Antibodies used for the studies included anti-arrestin (ARR3, 11100-2-AP, Proteintech, Rosemount, Illinois), anti-guanylate cyclase E (GUCY2E; AB14788, Abcam, Cambridge, UK), anti-cone transducin (GNAT2; PA5-22340; Thermo Fisher), anti-blue opsin (OPN1SW; AB5407; Santa Cruz), anti-red/green opsin (OPN1MW; AB5405; Millipore, Billerica, MA, United States) and anti-GAPDH (#2118, Cell Signaling, Danvers, MA).
2.9. Transmission electron microscopy
For ultrastructural analysis, enucleated eyes from six-week-old B6 and homozygous cpfl9 mice were placed in 2.5% glutaraldehyde/2% paraformaldehyde fixative solution in phosphate buffer. Anterior segments were removed by incising along the limbus with Vannas scissors and discarded. The resulting eyecups were incubated in fixative for 2 h. The posterior segment was cut into four quadrants. Additional fixation with 0.25% glutaraldehyde/0.2% paraformaldehyde fixative was performed for 8 h followed by post-fixation with 1% osmium tetroxide. The dehydrated blocks were embedded in plastic. Posterior eyes were cut into ultra-thin sections, stained with uranyl acetate and lead citrate and examined with a JEM-1230 transmission electron microscope (JEOL, Ltd., Peabody, MA).
2.10. Variant analysis
Published missense and truncating alleles of the human GUCY2D gene were ascertained through UniProt (UniProt Consortium, 2021; Q02846) and ClinVar (Landrum et al., 2018), respectively.
2.11. Statistics
Results are represented as mean ± SEM except where noted. Statistical significance was determined in GraphPad Prism (Dotmatics, Boston, MA, United States) using unpaired two-tailed Student’s t-tests, two-way repeated measures ANOVA, and mixed effect ANOVA for data in which values were missing. Values of p < 0.05 were considered statistically significant.
3. Results
3.1. Discovery of cone photoreceptor function loss 9 (cpfl9) mice
The spontaneous mutation, cpfl9 was discovered during an ERG screen in the Eye Mutant Resource (EMR) at The Jackson Laboratory. The proband, which presented with no cone ERG response at 5 weeks of age, was mated to a B6 female mouse with normal cone function. The resultant F1 progeny had normal cone ERG responses and were subsequently intercrossed. The intercrossed (F2) offspring (3 female and 4 male mice) were tested for cone function by ERG, and 29% (2/7) showed no cone ERG responses. These findings indicated that the cpfl9 was an autosomal recessive mutation.

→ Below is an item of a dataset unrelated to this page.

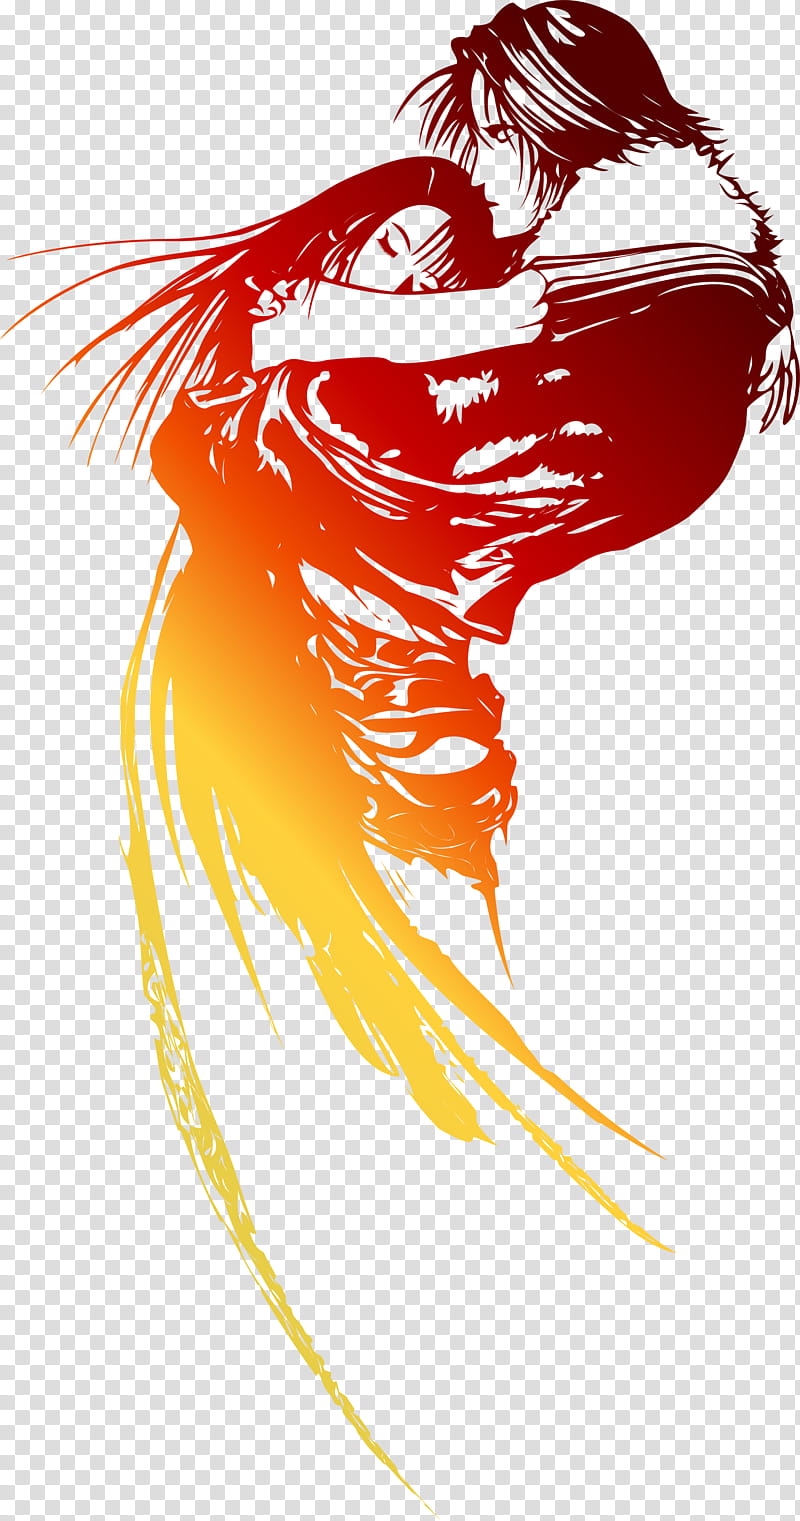 Final Fantasy VIII logo transparent background PNG clipart

Detailed characterization of ERG responses indicated defects in both rod and cone photoreceptor cell function of homozygous cpfl9 mice. B6 mice at 4 weeks of age produce robust ERG responses under scotopic and photopic conditions (Figures 1A,B). Scotopic responses of 4-week-old homozygous cpfl9 mice, although reduced compared to B6 control mice, were still observable (Figure 1A). By contrast, photopic b-wave responses recorded in the presence of background light were undetectable in homozygous cpfl9 mutants even at the highest stimulus intensities (Figure 1B). Analysis of response amplitudes as a function of light stimulus intensity indicated that the scotopic responses in homozygous cpfl9 mice were roughly a third of those in B6 control mice (Figure 1C). Statistically significant differences in the scotopic a- and b-wave amplitudes of cpfl9 and B6 mice were observed at the highest stimulus intensities and in the photopic b-wave amplitude at all intensities (Figure 1C). These results indicate that homozygous cpfl9 mice have phototransduction pathway deficits.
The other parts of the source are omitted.